Trouble 7: split a string with many delimiters

Solution

Code

import re
line = 'asdf fjdk;afed,fjek,asdf,foo' # String has multiple delimiters (";",","," ").
result= re.split(r'[;,s]', line)
print result

Output:
['asdf', 'fjdk', 'afed', 'fjek', 'asdf', 'foo']

We can also use the method re.sub () to replace these multiple delimiters with one as a space "".

Code

import re
line = 'asdf fjdk;afed,fjek,asdf,foo'
result= re.sub(r'[;,s]',' ', line)
print result

Output:
asdf fjdk afed fjek asdf foo

Trouble 8: retrieve information from an HTML file

I want to extract information from an HTML file (see sample data below). Here we need to extract the information available between

Y

except the first numeric index. I have assumed here that the html code below is stored in a string str.

HTML file example (str)

<tr align="center"><td>1</td> <td>Noah</td> <td>Emma</td></tr>
<tr align="center"><td>2</td> <td>Liam</td> <td>Olivia</td></tr>
<tr align="center"><td>3</td> <td>Mason</td> <td>Sophia</td></tr>
<tr align="center"><td>4</td> <td>Jacob</td> <td>Isabella</td></tr>
<tr align="center"><td>5</td> <td>William</td> <td>Ava</td></tr>
<tr align="center"><td>6</td> <td>Ethan</td> <td>My</td></tr>
<tr align="center"><td>7</td> <td HTML>Michael</td> <td>Emily</td></tr>

Solution:

Code

result=re.findall(r'<td>w+</td>s<td>(w+)</td>s<td>(w+)</td>',str)
print result
Output:
[('Noah', 'Emma'), ('Liam', 'Olivia'), ('Mason', 'Sophia'), ('Jacob', 'Isabella'), ('William', 'Ava'), ('Ethan', 'My'), ('Michael', 'Emily')]

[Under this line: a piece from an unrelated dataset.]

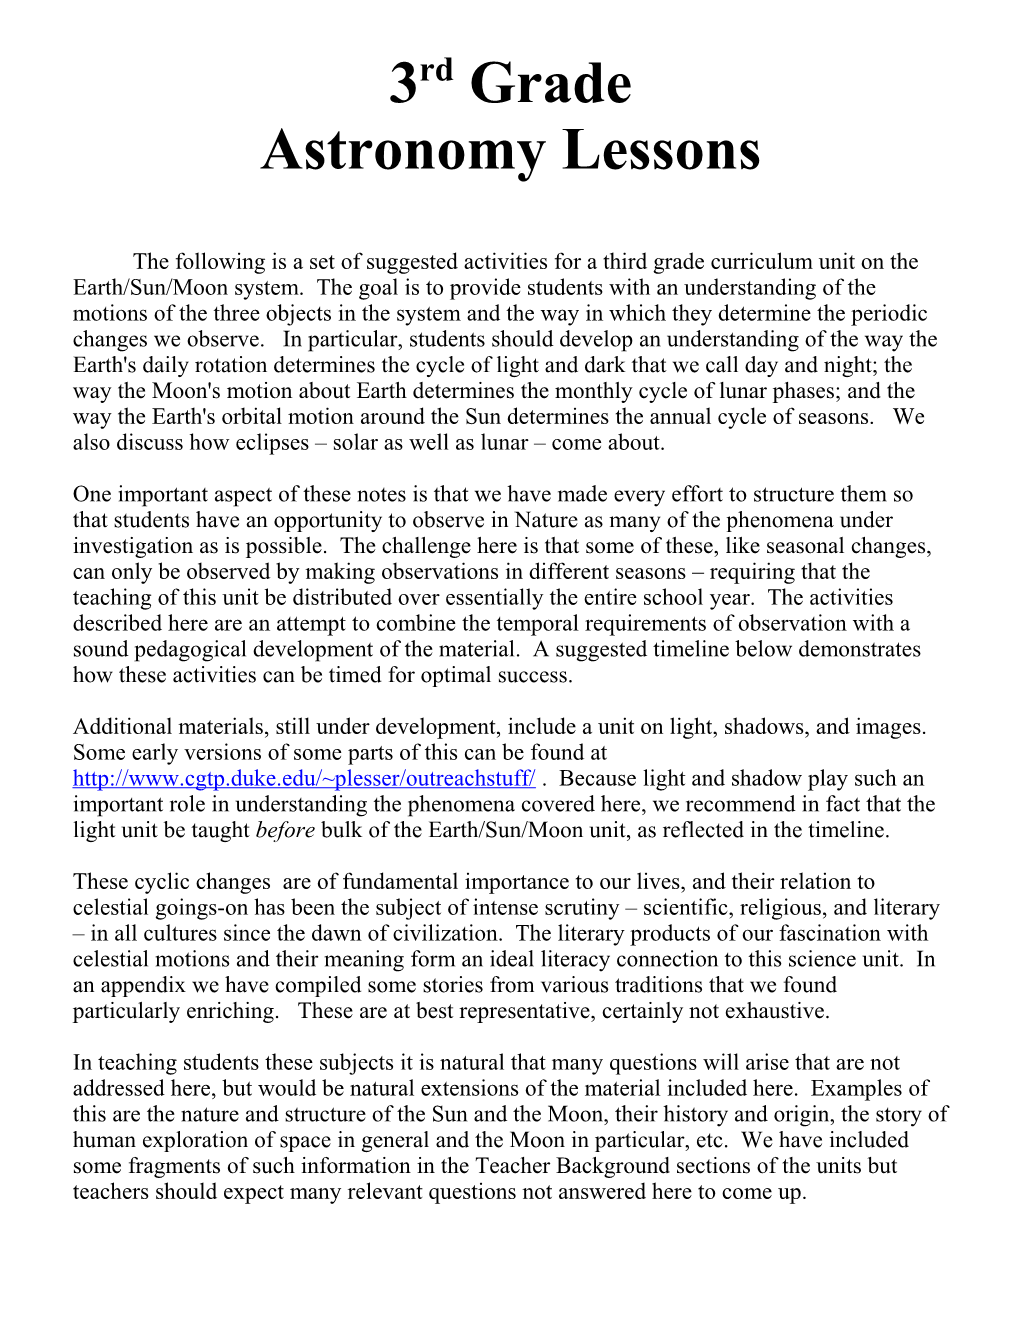 Astronomy Lessons

You can read the html file using urllib2 library (see code below).

Code

import urllib2
response = urllib2.urlopen('')
html = response.read()

Final notes

In this post, we discussed about the regular expression, the methods and metacharacters to form a regular expression. We have also analyzed several examples to see the practical uses of it.. Here I have tried to introduce you to regex and cover the most common methods for solving maximum regex problems..

Was the post helpful? Let us know your thoughts on this guide in the comment section below..

If you like what you have just read and want to continue learning about analytics, subscribe to our emails, Follow us on twitter or like ours page the Facebook.

Subscribe to our Newsletter

We will not send you SPAM mail. We hate it as much as you.